Security and Compliance

Question 1

Resource Groups

Answer 1

You can use resource groups to organize your AWS resources. Resource groups make it easier to manage and automate tasks on large numbers of resources at one time.

Question 2

IAM Identities

Answer 2

Identities are the IAM resource objects that are used to identify and group. You can attach a policy to an IAM identity.
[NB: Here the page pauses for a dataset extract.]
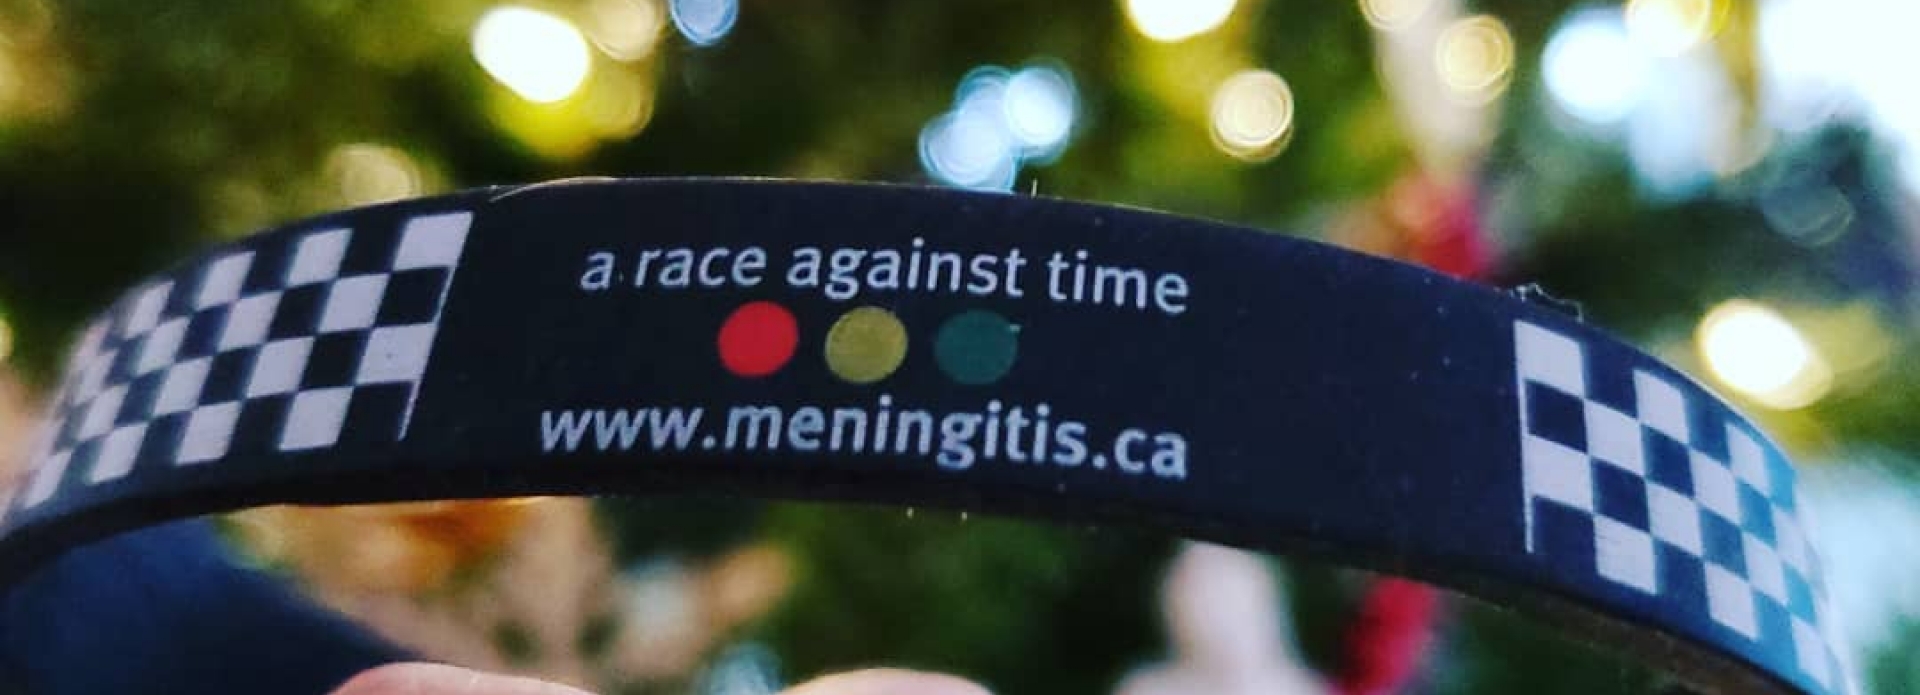 Hand holding a wristband that says " a race against time, www.meningitis.ca".

These include users, groups, and roles.

Question 3

A new application needs temporary credentials to access resources in AWS. How can this best be achieved?

Answer 3

Create an IAM role and have the application assume the role.

Question 4

Network ACL

Answer 4

A network access control list (NACL) is an optional layer of security for your VPC that acts as a firewall for controlling traffic in and out of one or more subnets.

Question 5

IAM Principal

Answer 5

A Principal is a person or application that uses the AWS account root user, an IAM user, or an IAM role to sign in and make requests to AWS.

Question 6

Security Group

Answer 6

A security group acts as a virtual firewall for your instance to control inbound and outbound traffic. When you launch an instance in a VPC, you can assign up to five security groups to the instance. Security groups act at the instance level, not the subnet level. Therefore, each instance in a subnet in your VPC can be assigned to a different set of security groups.

Question 7

AWS Inspector

Answer 7

Amazon Inspector creates a finding when it discovers a software vulnerability or network configuration issue. A finding describes the vulnerability, identifies the affected resource, rates the severity of the vulnerability, and provides remediation guidance.